[What this task involves]:
From the records below, output exactly the lines starting at the line with "biały cukier przed karmelizacją" and ending at the line with "Informe de Responsabilidad", both of them included, but no pictures.

[Provided data]:

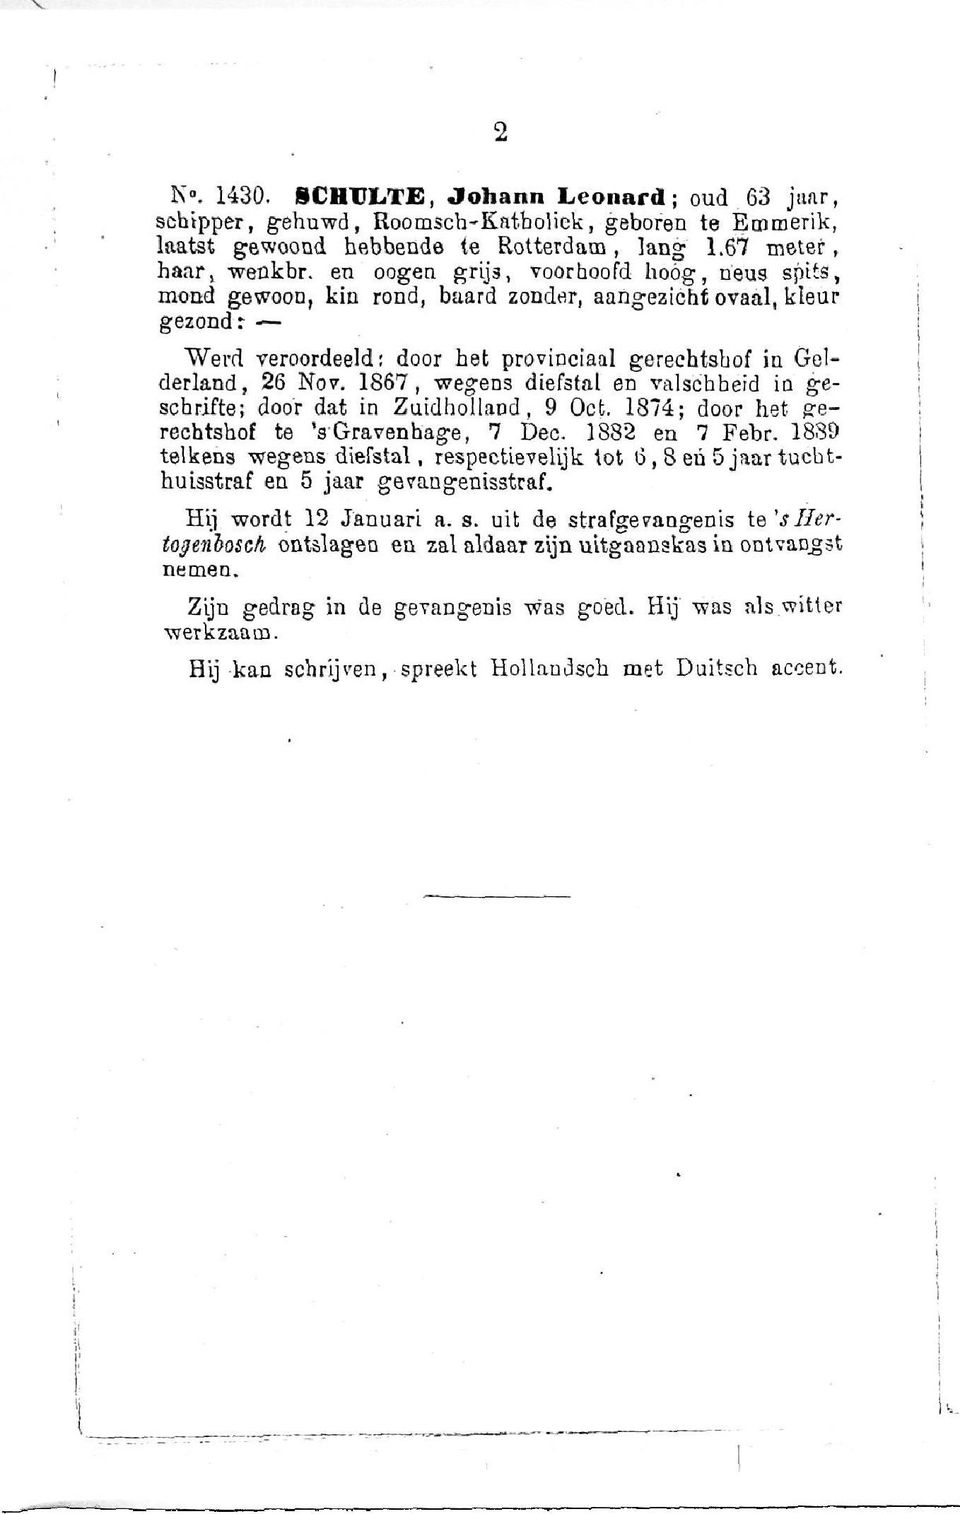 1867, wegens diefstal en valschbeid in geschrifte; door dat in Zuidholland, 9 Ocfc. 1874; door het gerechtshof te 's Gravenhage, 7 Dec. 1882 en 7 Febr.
--
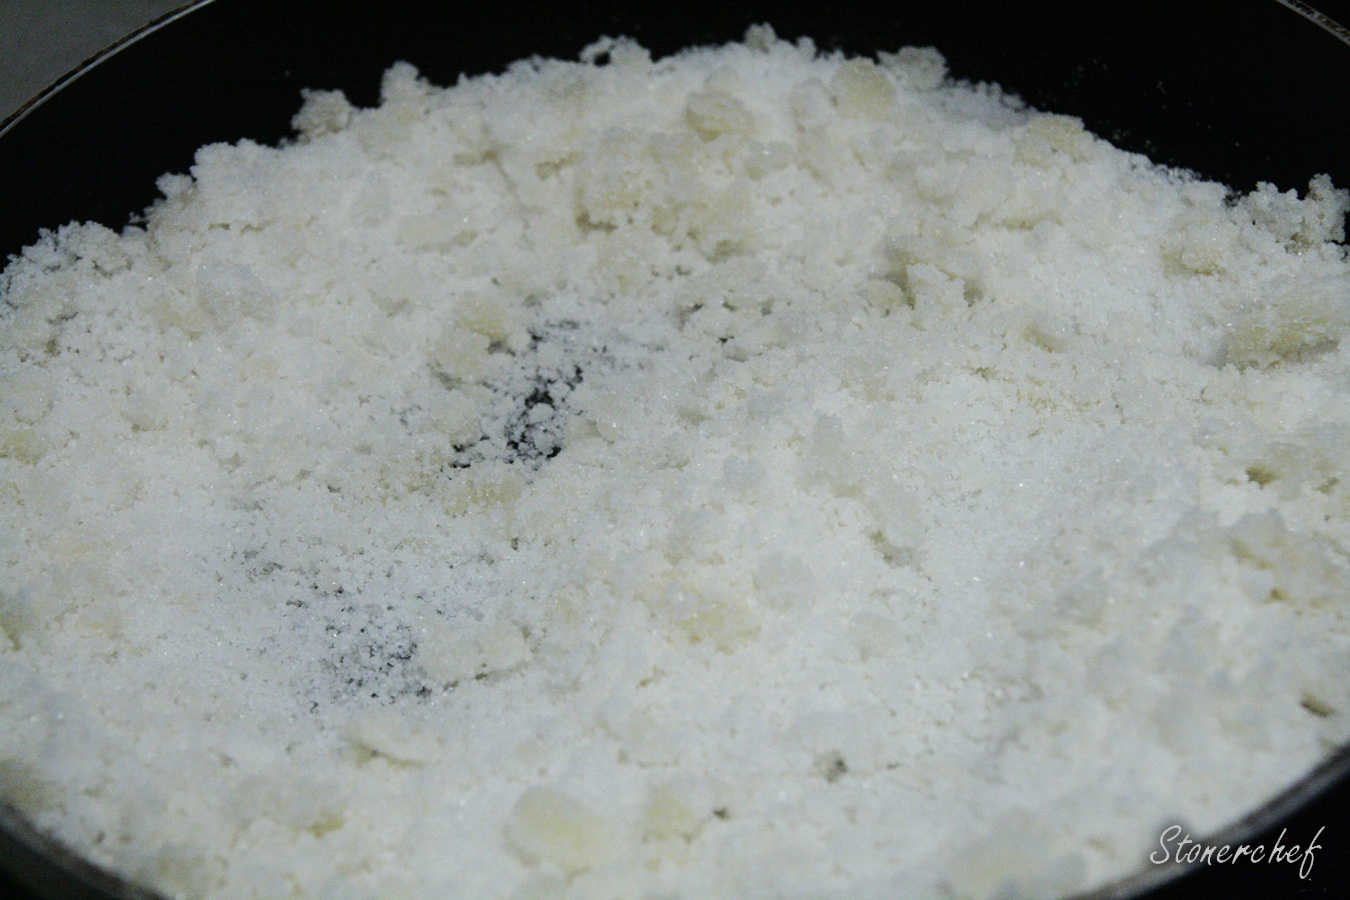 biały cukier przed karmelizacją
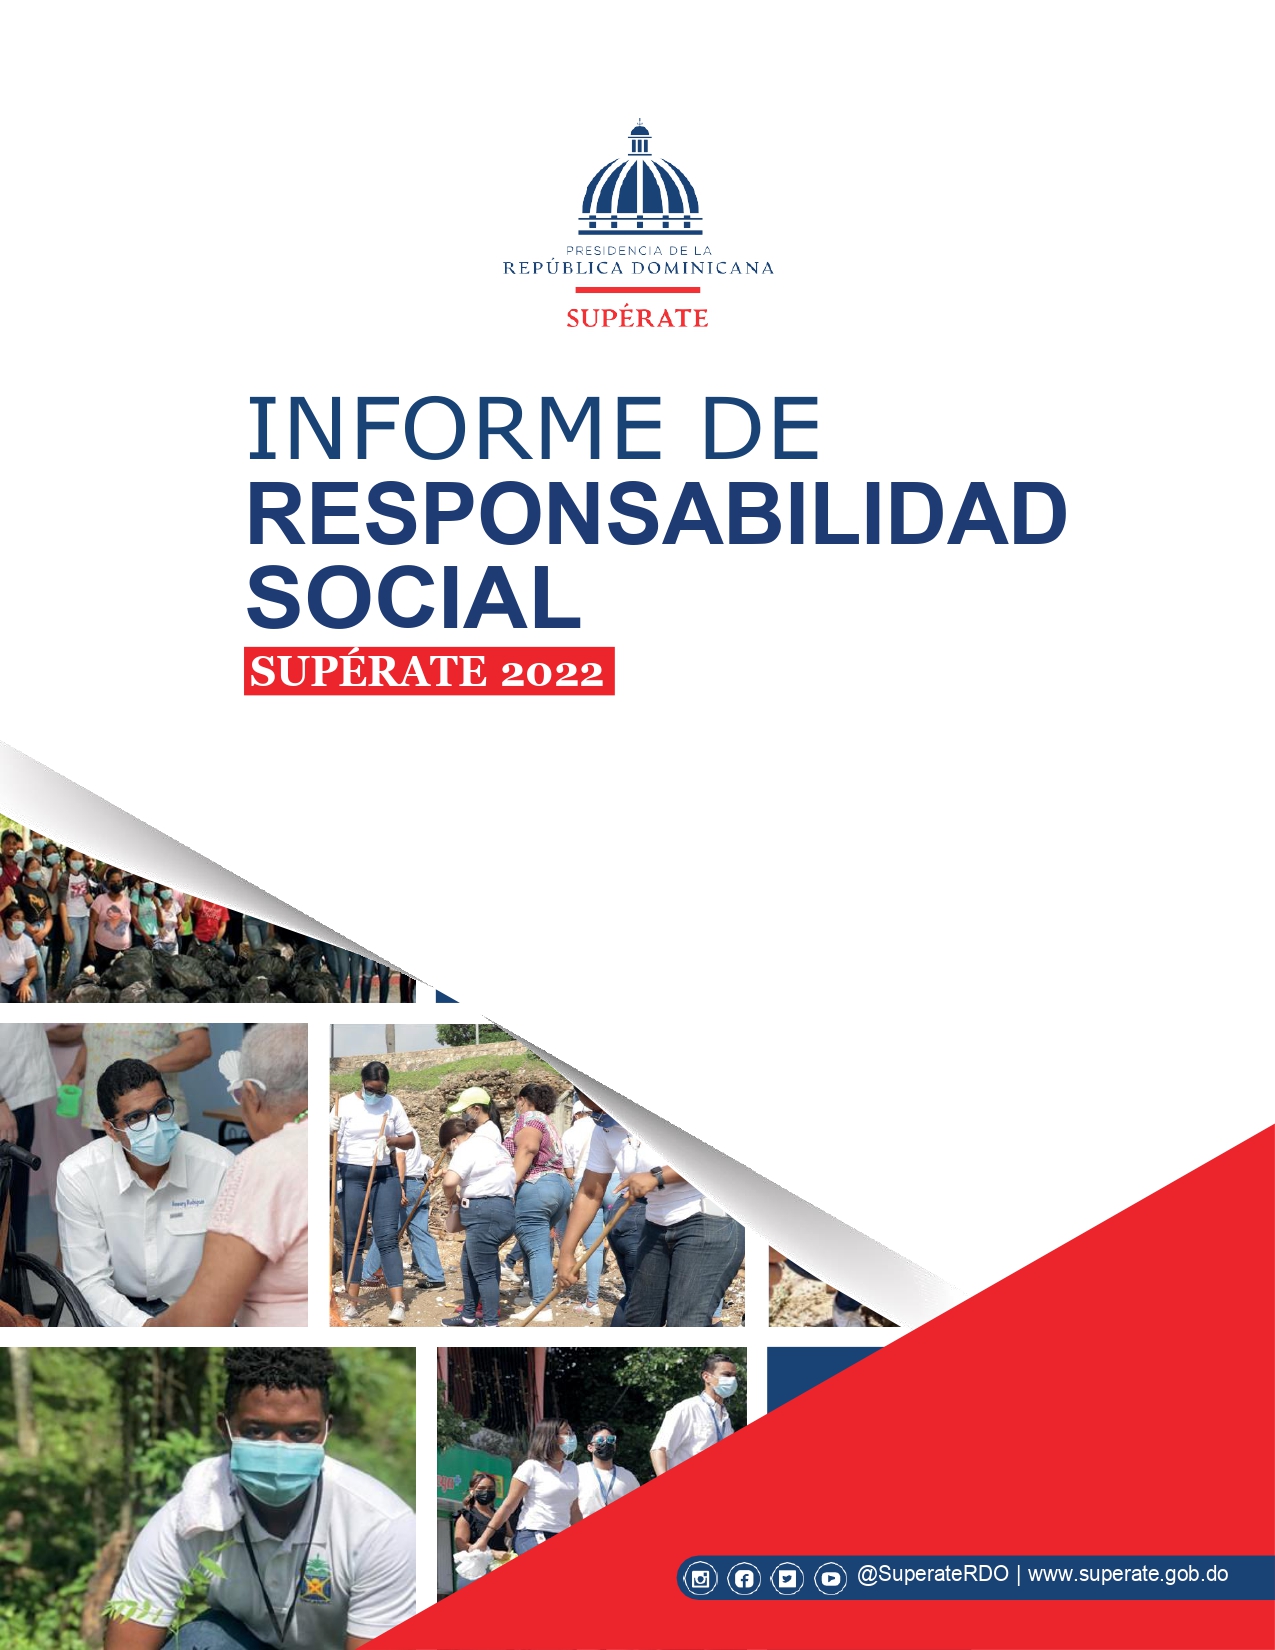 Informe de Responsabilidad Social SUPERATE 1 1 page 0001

[Task output]:
 biały cukier przed karmelizacją
 Informe de Responsabilidad Social SUPERATE 1 1 page 0001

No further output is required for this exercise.